What is needed is the full listing written out exactly, minus the pictures.
Top of INFORMATION SHOWN
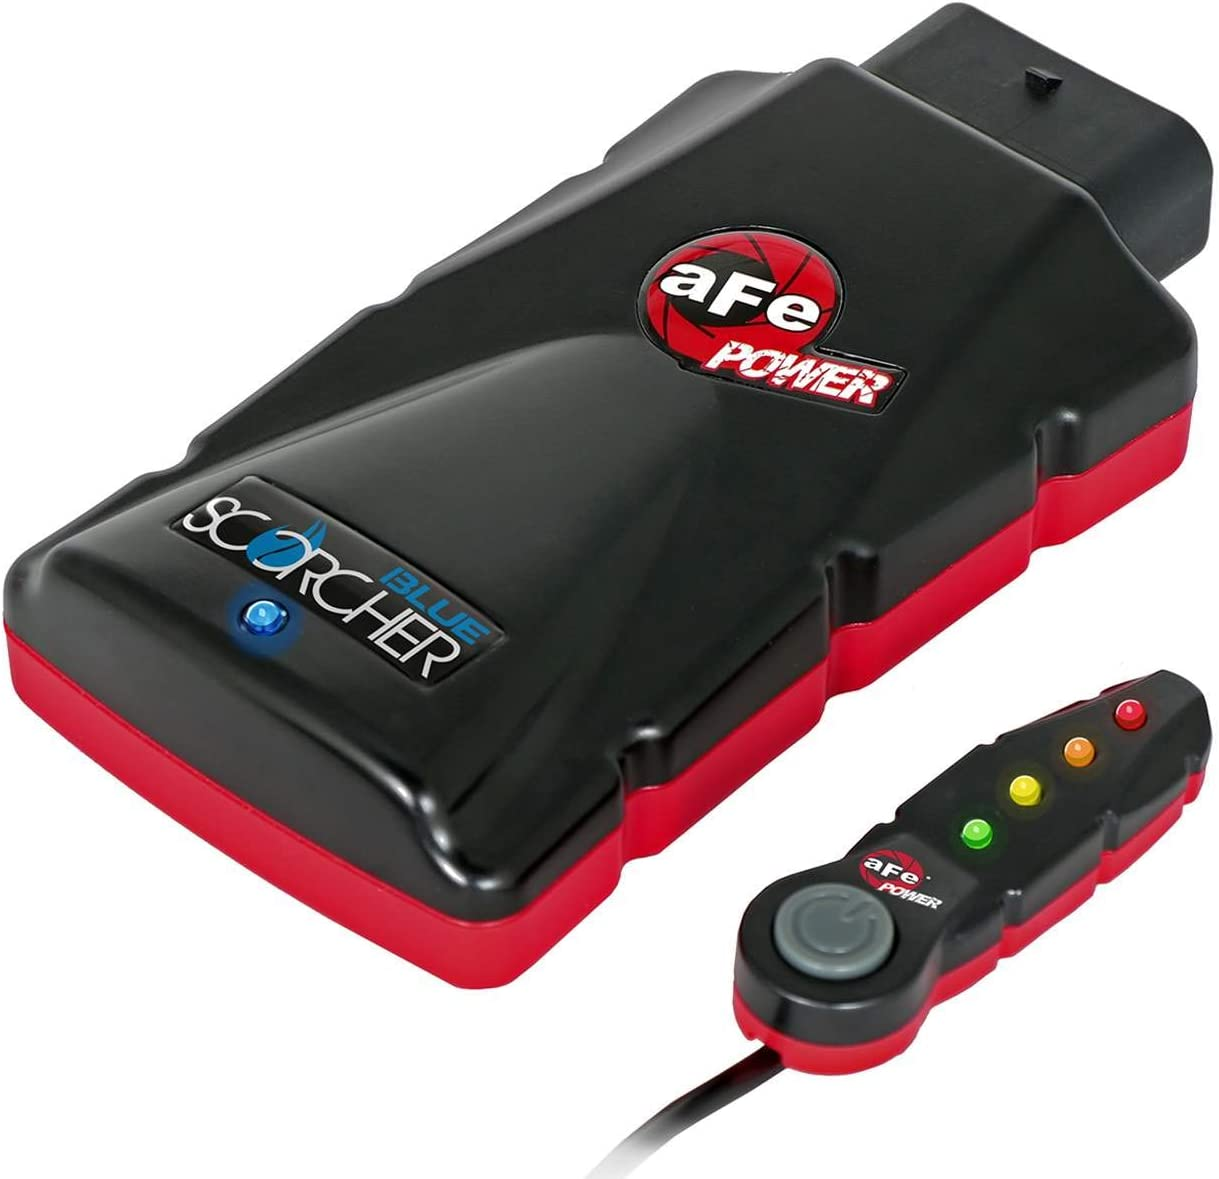 aFe Power 77-83023 SCORCHER BLUE Bluetooth Power Module
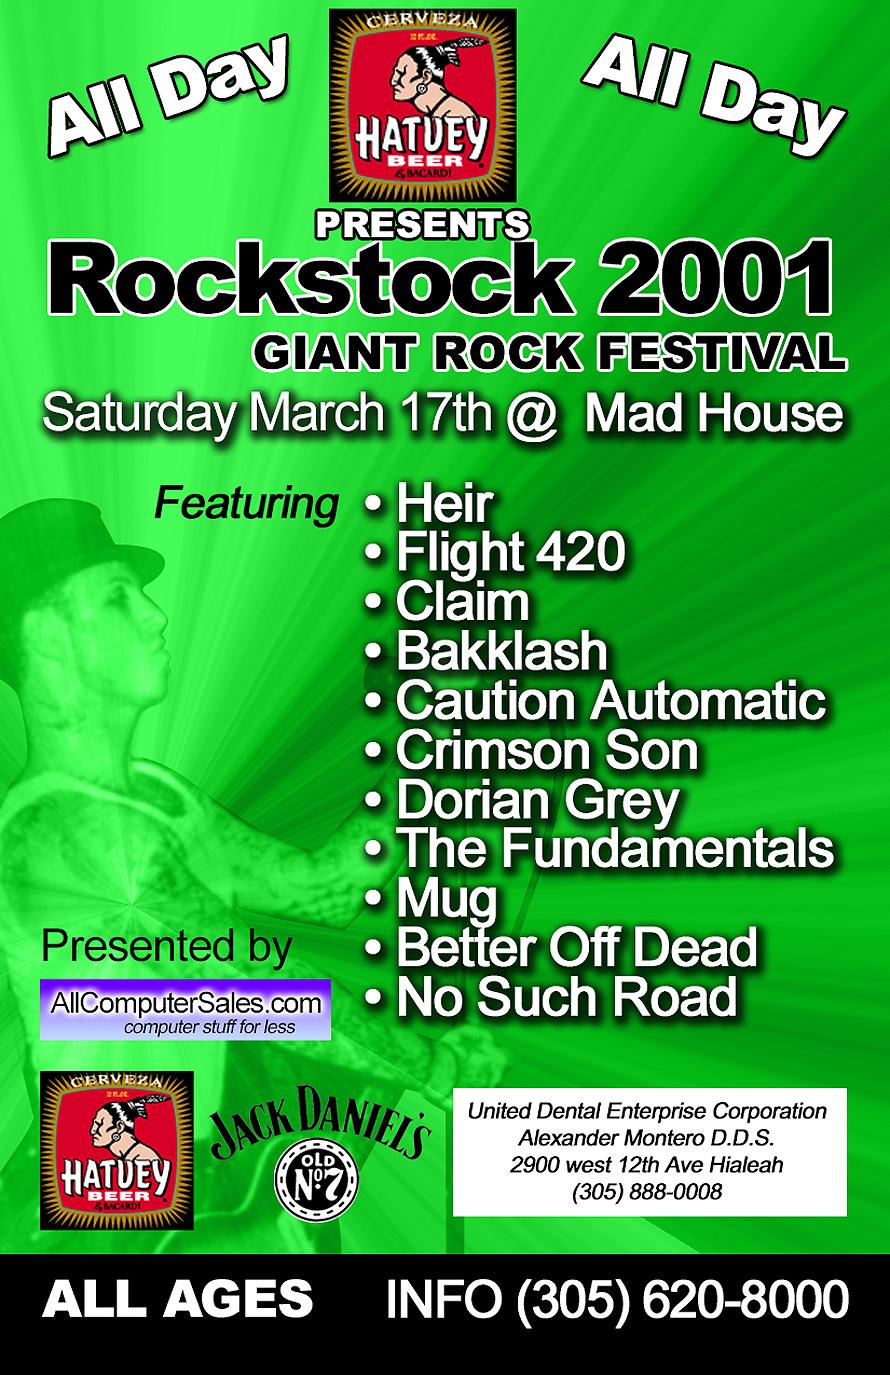 Rockstock 2001 Springbreak & St. Patricks Day at Mad House
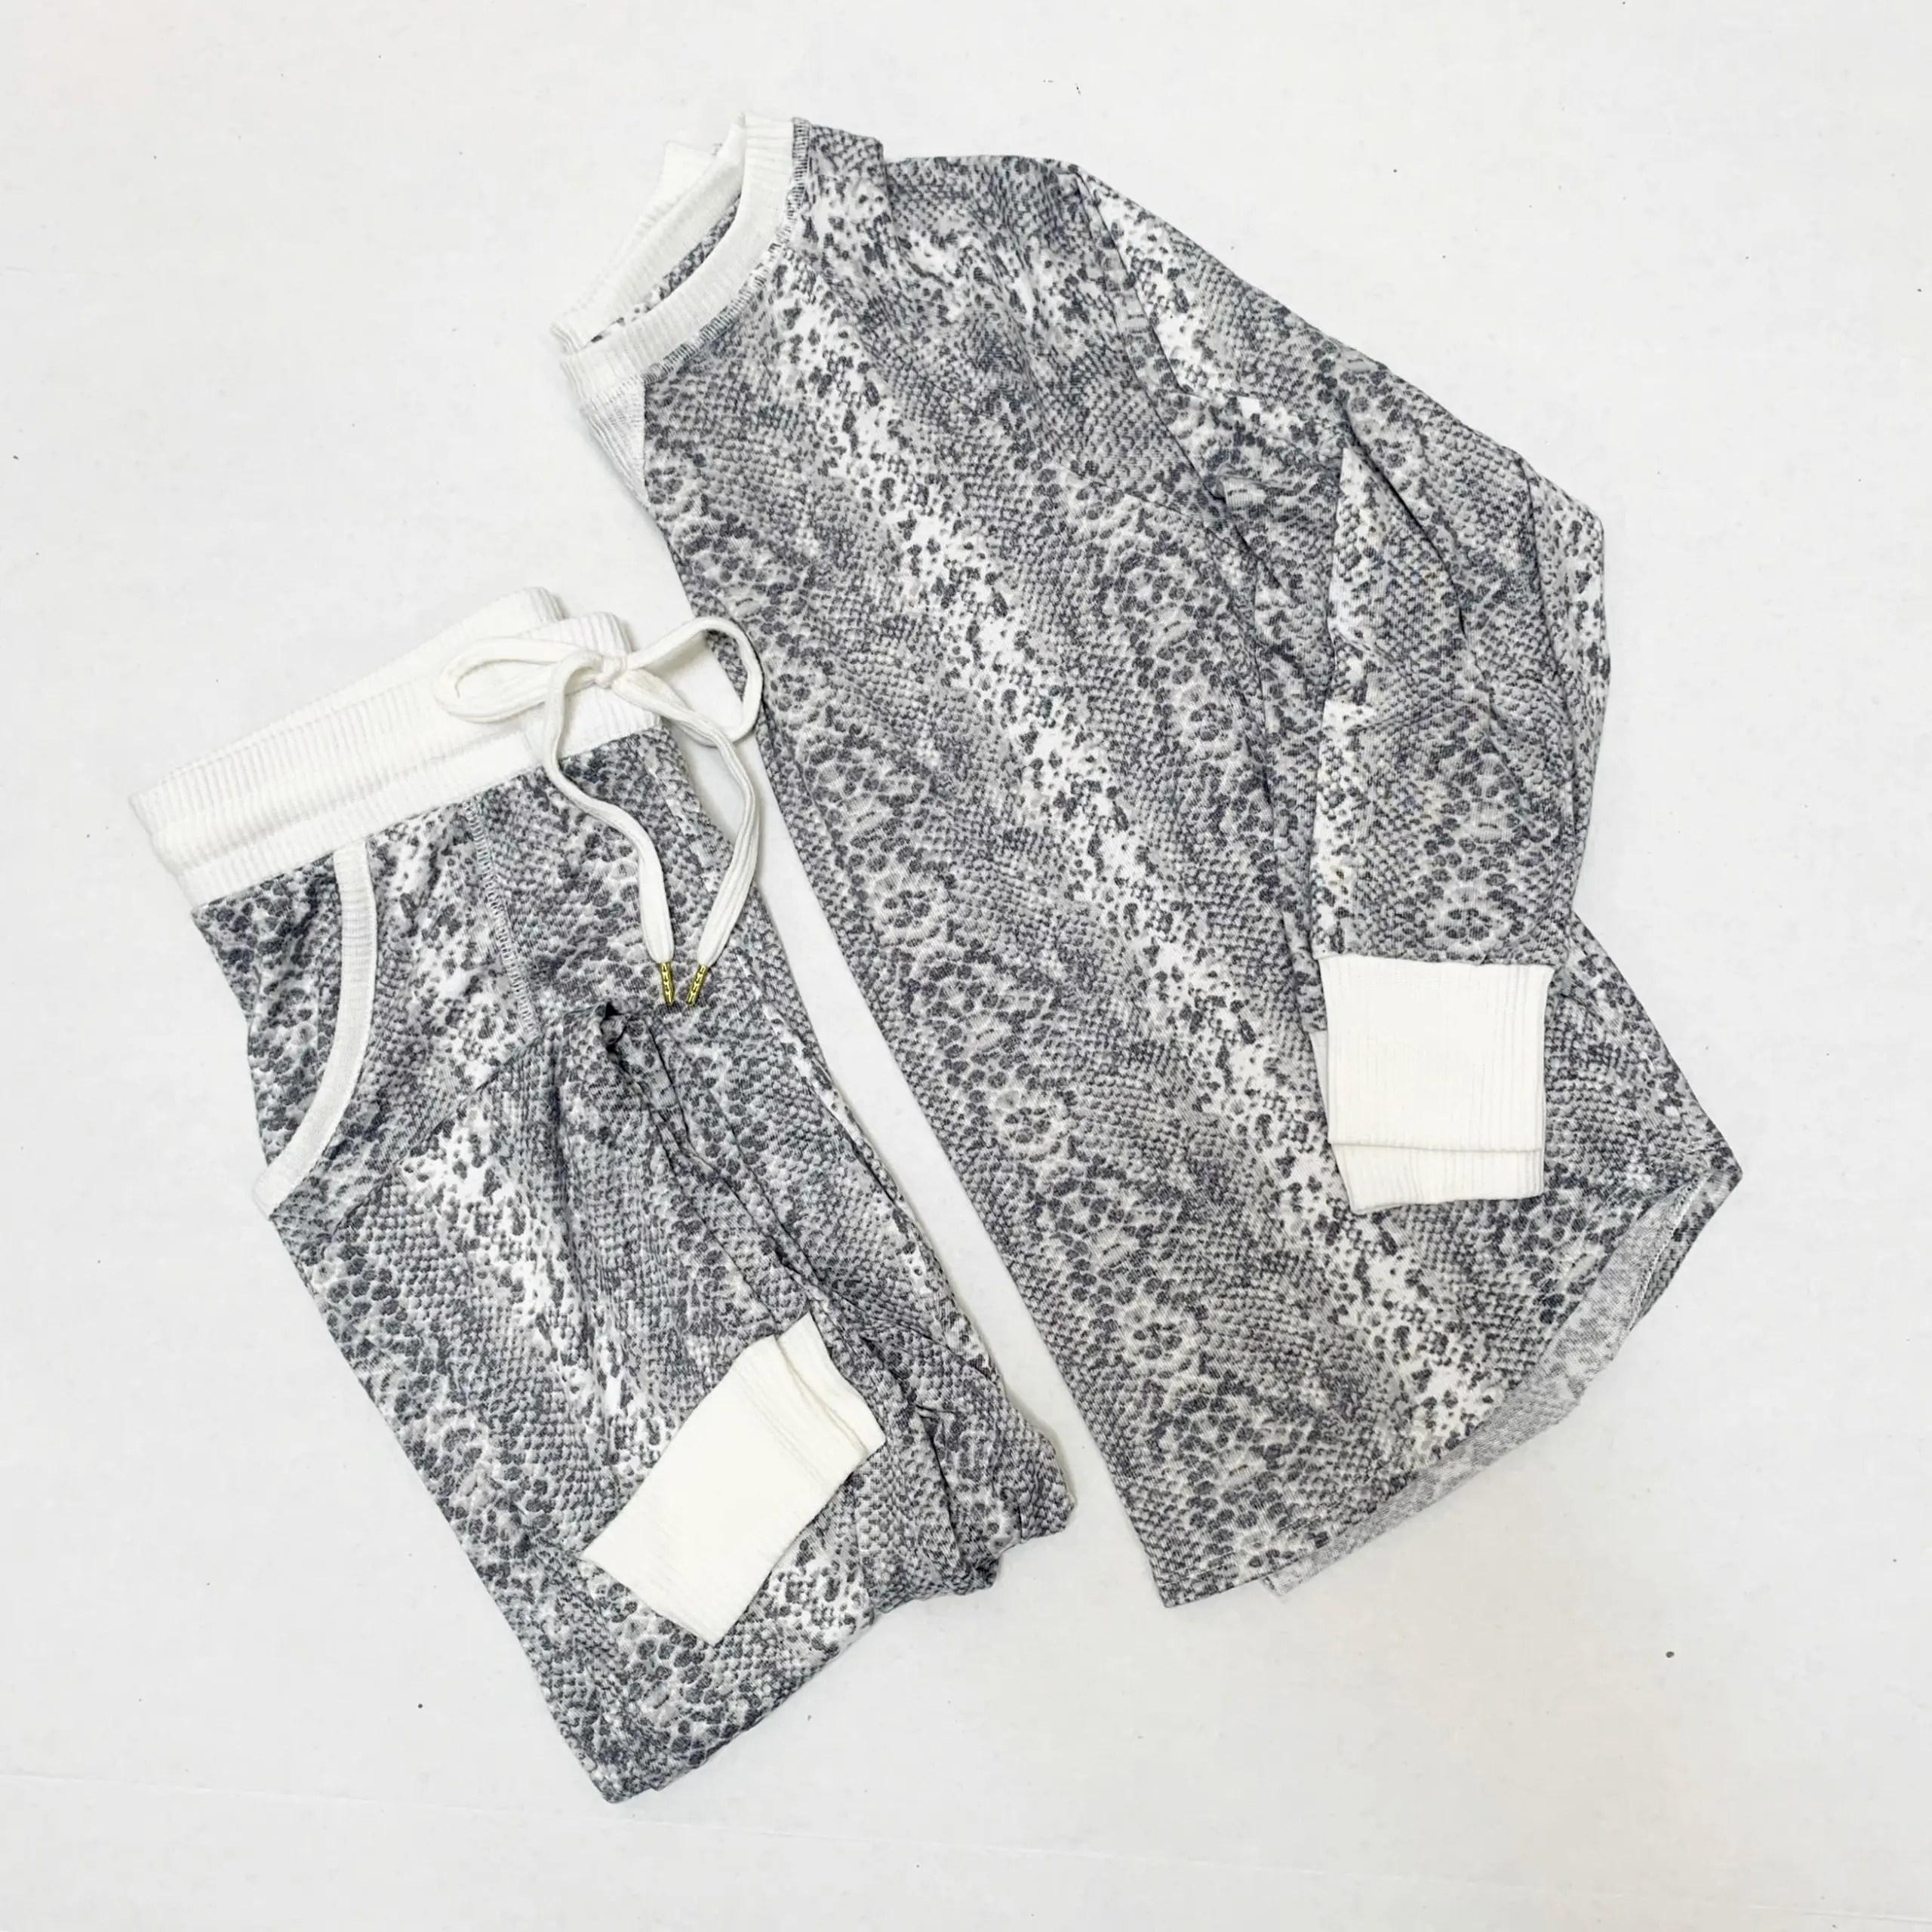 Secret Treasures Women's and Women's Plus Hacci Long Sleeve Top and Joggers, 2-Piece Pajama Set
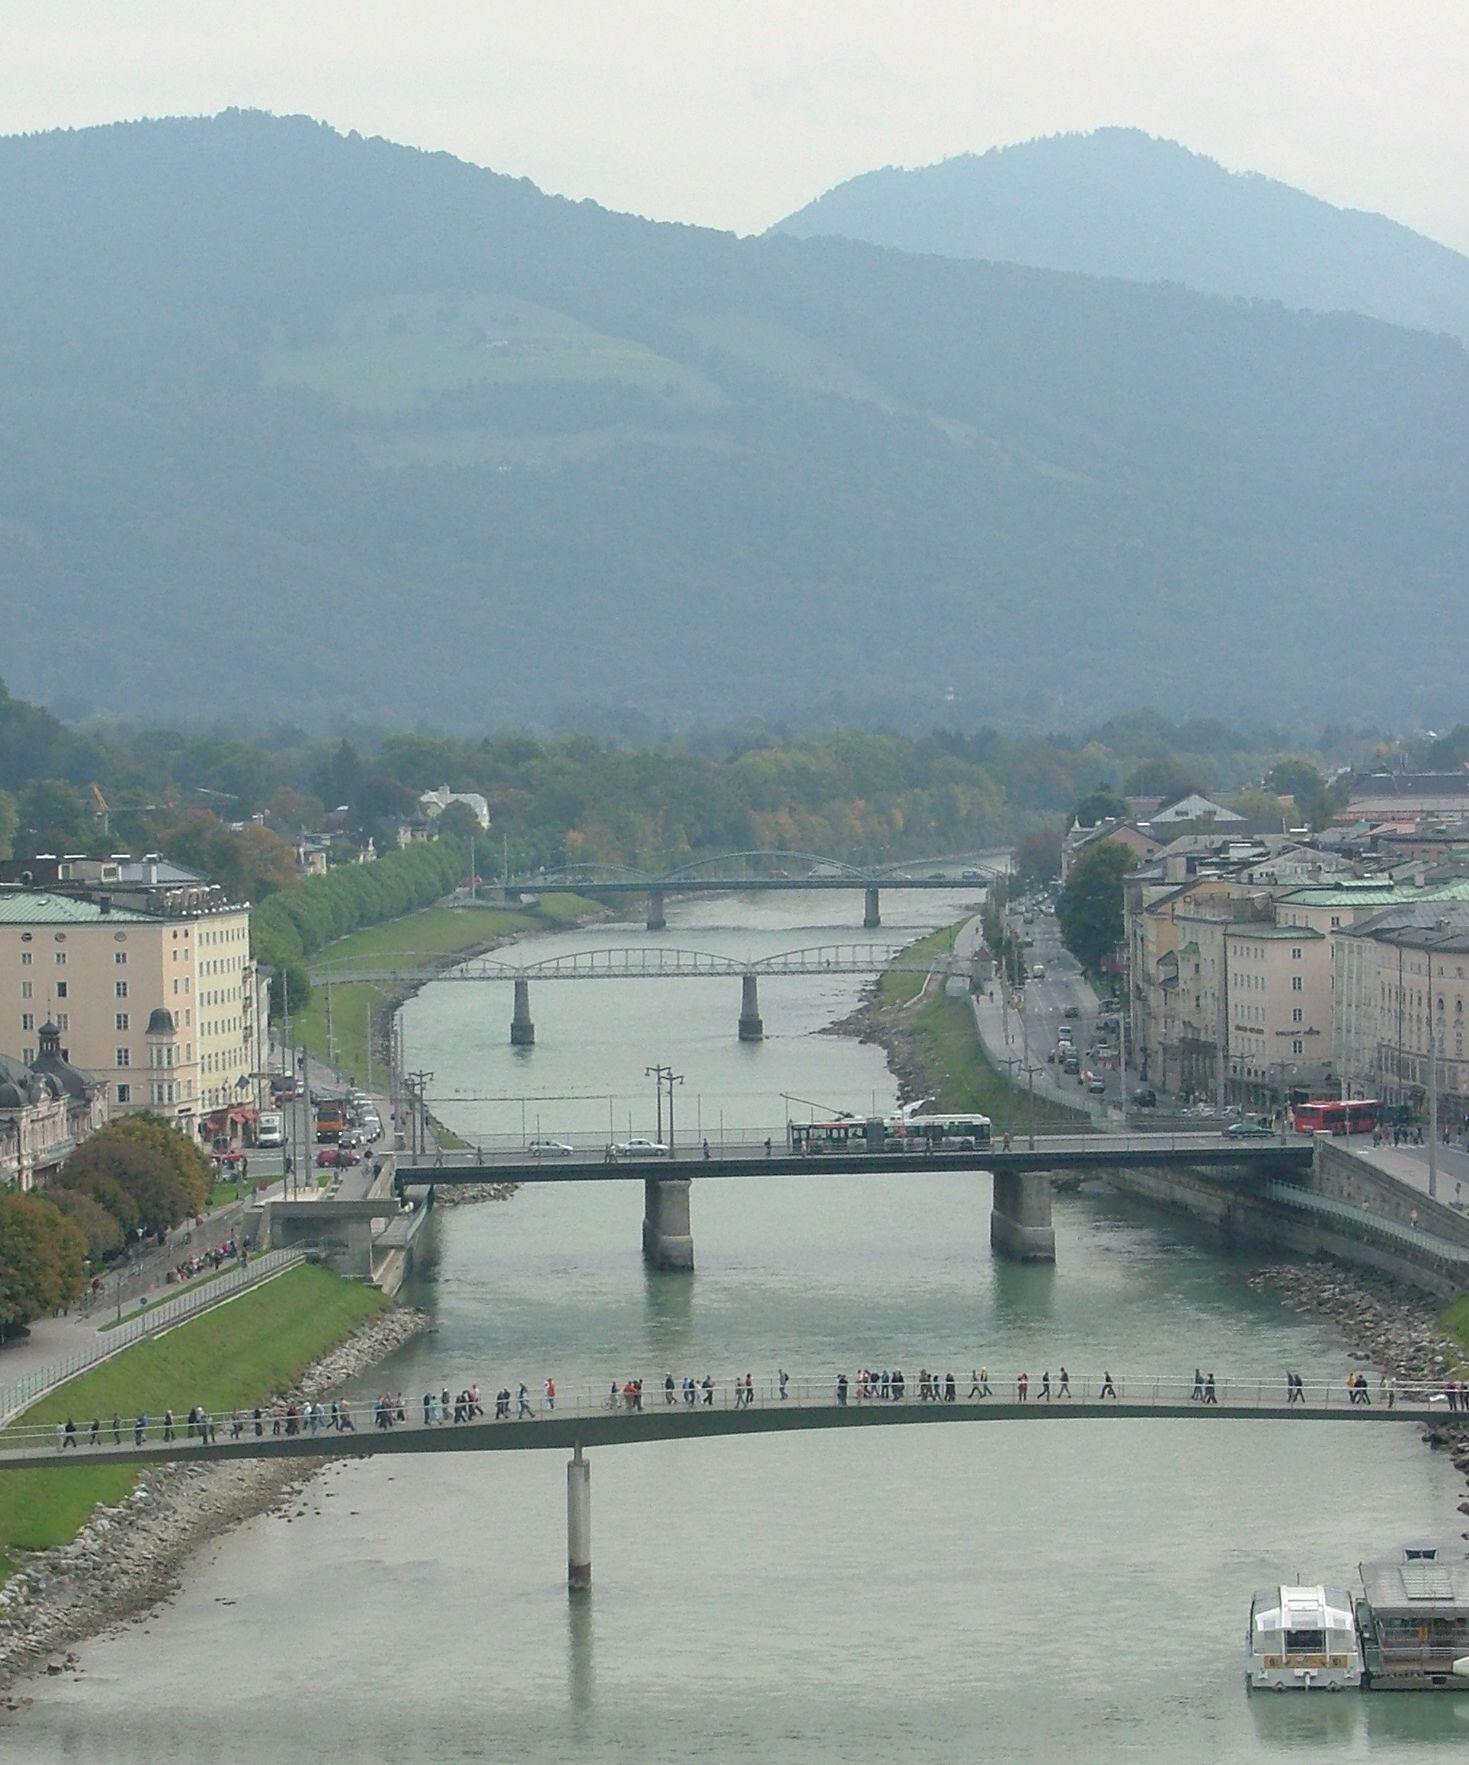 Five bridges crossing the Salzach River at Salzburg
Bottom of INFORMATION SHOWN
_EXERCISE ANSWER_
 aFe Power 77-83023 SCORCHER BLUE Bluetooth Power Module
 Rockstock 2001 Springbreak & St. Patricks Day at Mad House
 Secret Treasures Women's and Women's Plus Hacci Long Sleeve Top and Joggers, 2-Piece Pajama Set
 Five bridges crossing the Salzach River at Salzburg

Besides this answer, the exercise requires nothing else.